# openssh-portable - can't update



## xy16644 (Dec 14, 2014)

I have just updated all my ports successfully on my server except for one: openssh-portable.

When I run `portmaster -a -d`. It says 
	
	



```
===>>> All >> openssh-portable-6.6.p1_3,1 (193/193)

===>>> Currently installed version: openssh-portable-6.6.p1_3,1
===>>> Port directory: /usr/ports/security/openssh-portable

  ===>>> This port is marked BROKEN
  ===>>> HPN does not apply yet. Use security/openssh-portable66


  ===>>> If you are sure you can build it, remove the
  BROKEN line in the Makefile and try again.

===>>> Update for openssh-portable-6.6.p1_3,1 failed
===>>> Aborting update
```

I've had a look in /usr/ports/UPDATING and found this:


```
20141117:
  AFFECTS: users of security/openssh-portable
  AUTHOR: bdrewery@FreeBSD.org

  Most of the optional patches for OpenSSH do not apply to the 6.7 update yet.
  The 6.6 version has been copied to security/openssh-portable66 if you require
  the use of one of the optional ports.
```

What does "HPN does not apply yet" mean and how do I update this port successfully?


----------



## talsamon (Dec 14, 2014)

Do `make rmconfig` in  the port. I try it, on my system it compiles with default-options fine. `HPN` is one of the options, it's per default off.


----------



## xy16644 (Dec 14, 2014)

talsamon said:


> Do `make rmconfig` in  the port. I try it, on my system it compiles with default-options fine. `HPN` is one of the options, it's per default off.

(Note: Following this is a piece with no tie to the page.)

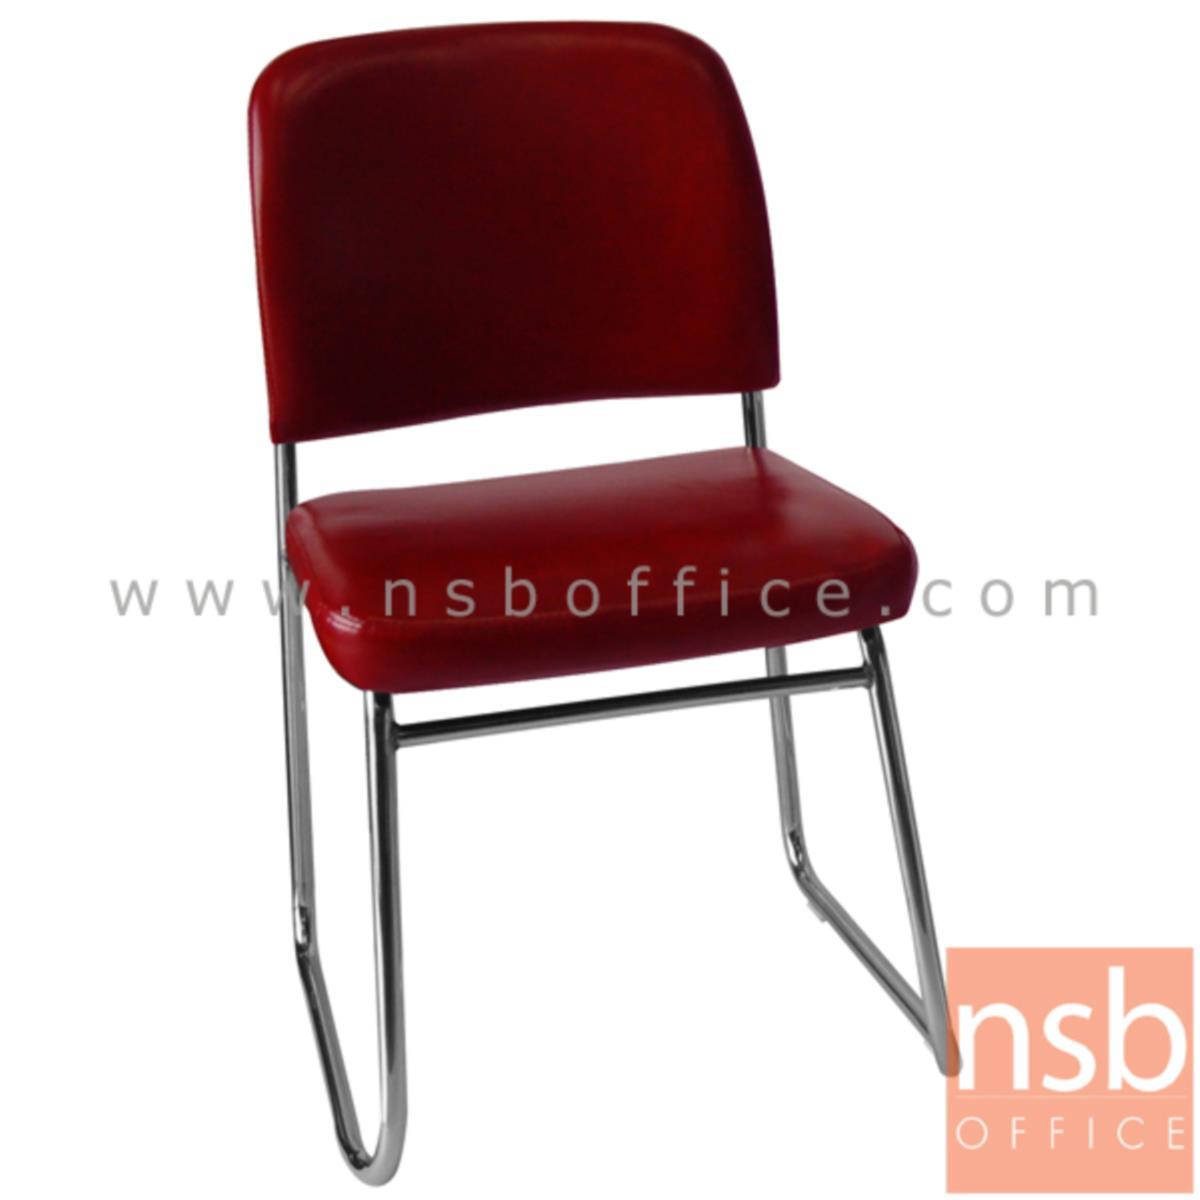 B05A165:เก้าอี้รับแขกขาตัวยู รุ่น Pearce (เพียร์ซ)  ขาเหล็กชุบโครเมี่ยม

Do I run `make rmconfig` in security/openssh-portable66 or security/openssh-portable?


----------



## talsamon (Dec 14, 2014)

I overlooked that there are two ports. If I read your error message, it should be security/openssh-portable66. But if I try this port, I got this error message:

```
Registering installation for openssh-portable66-6.6.p1_4,1
pkg-static: Unable to access file /usr/ports/security/openssh-portable66/work/stage/usr/local/man/man1/sftp.1.gz: No such file or directory
pkg-static: Unable to access file /usr/ports/security/openssh-portable66/work/stage/usr/local/man/man1/ssh-add.1.gz: No such file or directory
pkg-static: Unable to access file /usr/ports/security/openssh-portable66/work/stage/usr/local/man/man1/ssh-agent.1.gz: No such file or directory
pkg-static: Unable to access file /usr/ports/security/openssh-portable66/work/stage/usr/local/man/man1/ssh-keygen.1.gz: No such file or directory
pkg-static: Unable to access file /usr/ports/security/openssh-portable66/work/stage/usr/local/man/man1/ssh-keyscan.1.gz: No such file or directory
pkg-static: Unable to access file /usr/ports/security/openssh-portable66/work/stage/usr/local/man/man1/scp.1.gz: No such file or directory
pkg-static: Unable to access file /usr/ports/security/openssh-portable66/work/stage/usr/local/man/man1/ssh.1.gz: No such file or directory
pkg-static: Unable to access file /usr/ports/security/openssh-portable66/work/stage/usr/local/man/man1/slogin.1.gz: No such file or directory
pkg-static: Unable to access file /usr/ports/security/openssh-portable66/work/stage/usr/local/man/man5/moduli.5.gz: No such file or directory
pkg-static: Unable to access file /usr/ports/security/openssh-portable66/work/stage/usr/local/man/man5/ssh_config.5.gz: No such file or directory
pkg-static: Unable to access file /usr/ports/security/openssh-portable66/work/stage/usr/local/man/man5/sshd_config.5.gz: No such file or directory
pkg-static: Unable to access file /usr/ports/security/openssh-portable66/work/stage/usr/local/man/man8/sftp-server.8.gz: No such file or directory
pkg-static: Unable to access file /usr/ports/security/openssh-portable66/work/stage/usr/local/man/man8/sshd.8.gz: No such file or directory
pkg-static: Unable to access file /usr/ports/security/openssh-portable66/work/stage/usr/local/man/man8/ssh-keysign.8.gz: No such file or directory
pkg-static: Unable to access file /usr/ports/security/openssh-portable66/work/stage/usr/local/man/man8/ssh-pkcs11-helper.8.gz: No such file or directory
*** Error code 74

Stop.
make[1]: stopped in /usr/ports/security/openssh-portable66
*** Error code 1
```

As temporary solution you could delete all lines with 
	
	



```
man/man8/
man/man5
man/man1
```
 in pkg-plist. But you should post the error to the maintainer.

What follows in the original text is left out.